To be more specific: I have one directory (the backup folder) which I constantly update using FindFirstChangeNotification. Though the first time I need to copy all files and I also need to check the backup directory against the original when the applications starts (in case something happened when the application wasn't running or FindFirstChangeNotification didn't catch a file change). To solve this I am thinking of creating a CRC list for the backed up files and then run through the original directory computing the CRC for every file and finally compare the two CRCs. Then somehow look for files which are in one directory and not the other (again; vice versa).
Here's the question: Is this the fastest way? If so, how would one (roughly) get the job done?
You don't necessarily need CRCs for each file, you can just compare the "last modified" date for every file for most normal purposes. It's WAY faster. If you need additional safety, you can also compare the lengths. You get both of these metrics for free with the find functions.
And in your change notification, you should probably add the files to a queue and use a timer object to copy the new queued files every ~30sec or something, so you don't bog down the system with frequent updates/checks.
For additional speed, use the Win32 functions wherever possible, avoid any Delphi find/copy/getfileinfo functions. I'm not familiar with the Delphi framework but for example the C# stuff is WAY WAY WAY slower than the Win32 functions.

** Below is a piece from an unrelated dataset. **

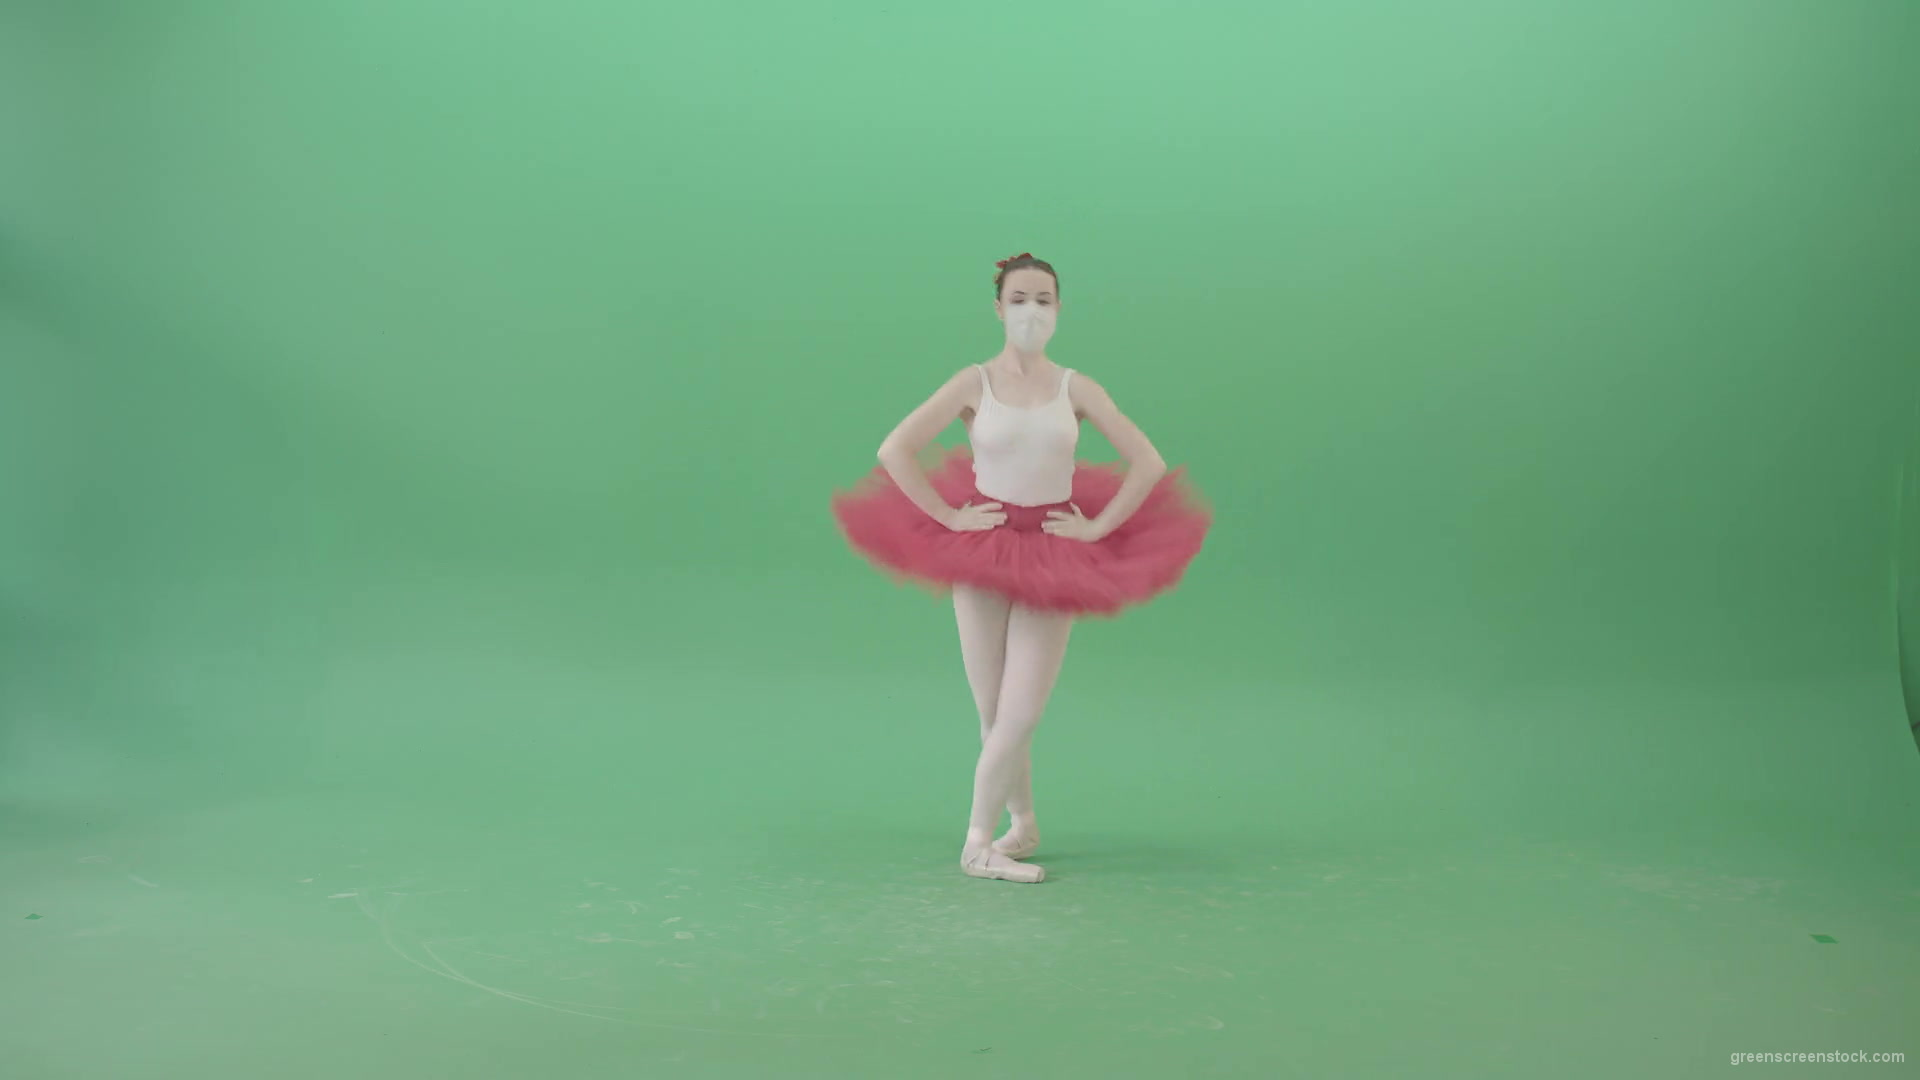 Ballet-Girl-in-Corona-Virus-Mask-Jumping-like-ballerina-isolated-on-green-screen-4K-Video-Footage-1920_005 Green Screen Stock
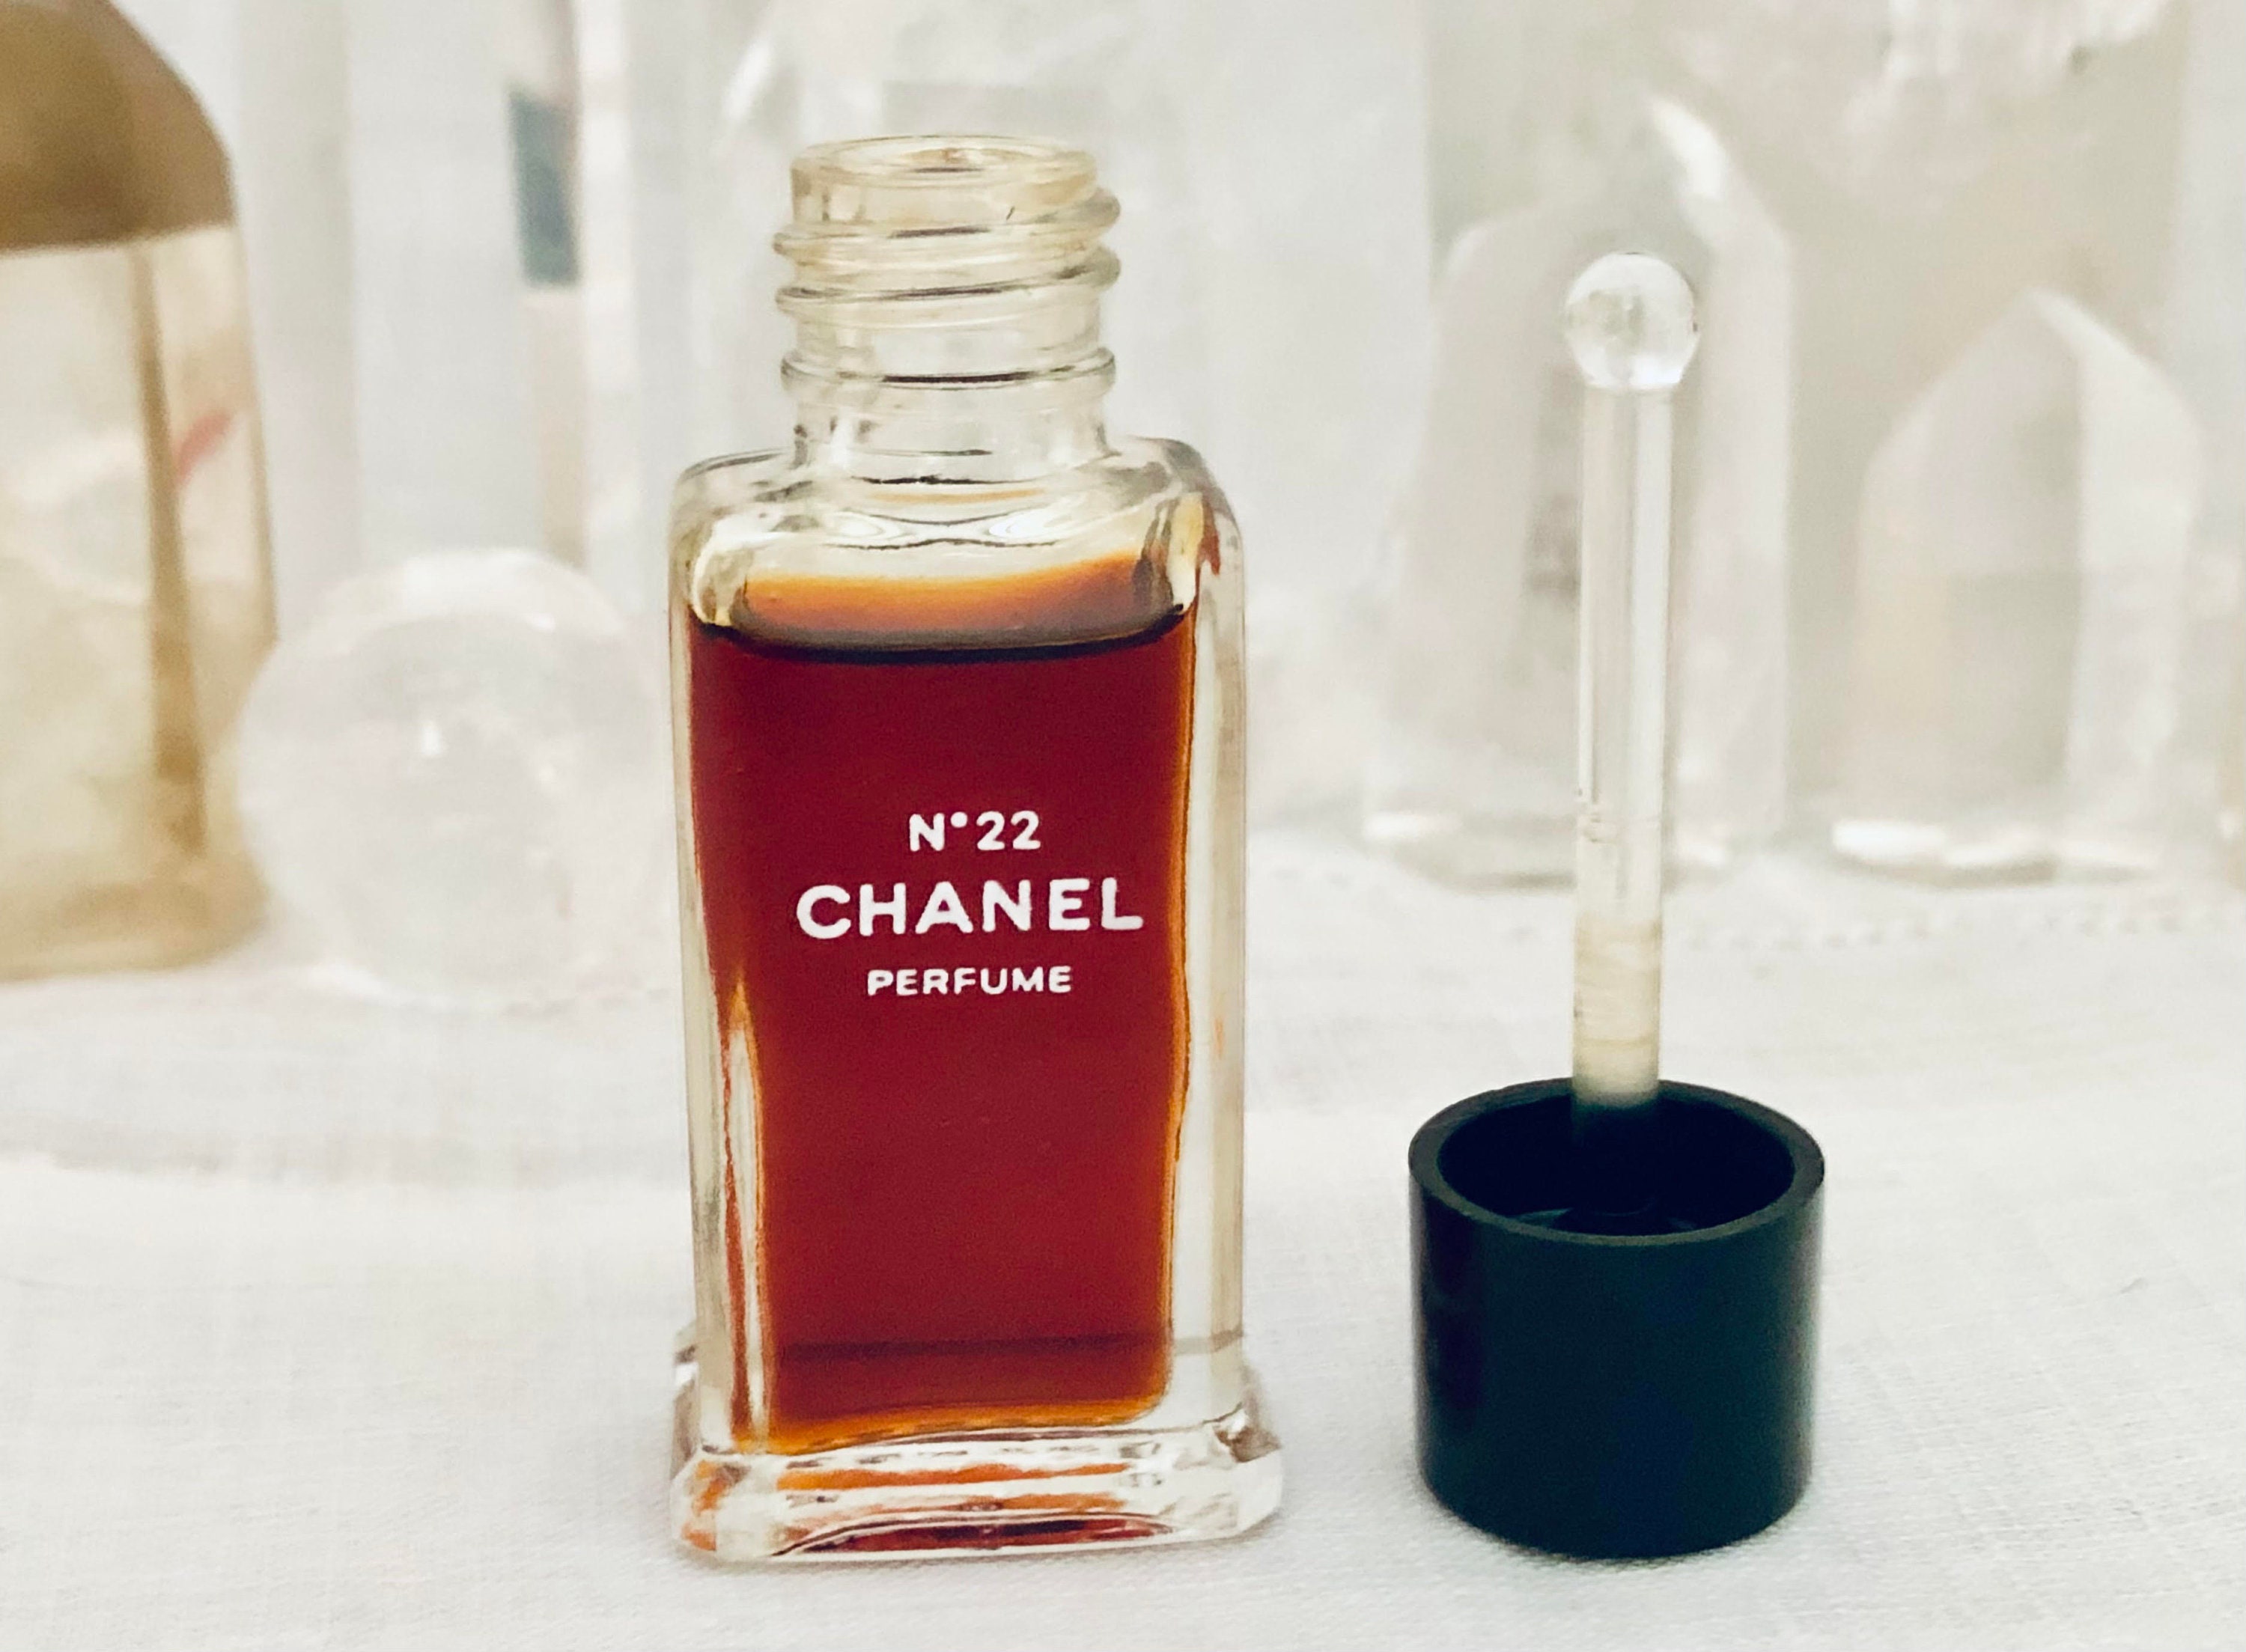 Chanel No. 22 7.5 Ml. or 0.25 Oz Parfum Extrait 1921

Regardless of you "not looking for a difftool", are you opposed to using Cygwin with it's "diff" command for the shell? If you are open to this its quite easy, particularly using diff with the -r "recursive" option.
The following generates the differences between 2 Rails installs on my machine, and greps out not only information about differences between files but also, specifically by grepping for 'Only', finds files in one directory, but not the other:
$ diff -r pgnindex pgnonrails | egrep '^Only|diff'
Only in pgnindex/app/controllers: openings_controller.rb
Only in pgnindex/app/helpers: openings_helper.rb
Only in pgnindex/app/views: openings
diff -r pgnindex/config/environment.rb pgnonrails/config/environment.rb
diff -r pgnindex/config/initializers/session_store.rb pgnonrails/config/initializers/session_store.rb
diff -r pgnindex/log/development.log pgnonrails/log/development.log
Only in pgnindex/test/functional: openings_controller_test.rb
Only in pgnindex/test/unit: helpers
The fastest way to compare one directory on the local machine to a directory on another machine thousands of miles away is exactly as you propose:
generate a CRC/checksum for every file
send the name, path, and CRC/checksum for each file over the internet to the other machine
compare
Perhaps the easiest way to do that is to use rsync with the "--dryrun" or "--list-only" option.
(Or use one of the many applications that use the rsync algorithm,
or compile the rsync algorithm into your application).
cd some_backup_directory
rsync --dryrun myname#remote_host:latest_version_directory .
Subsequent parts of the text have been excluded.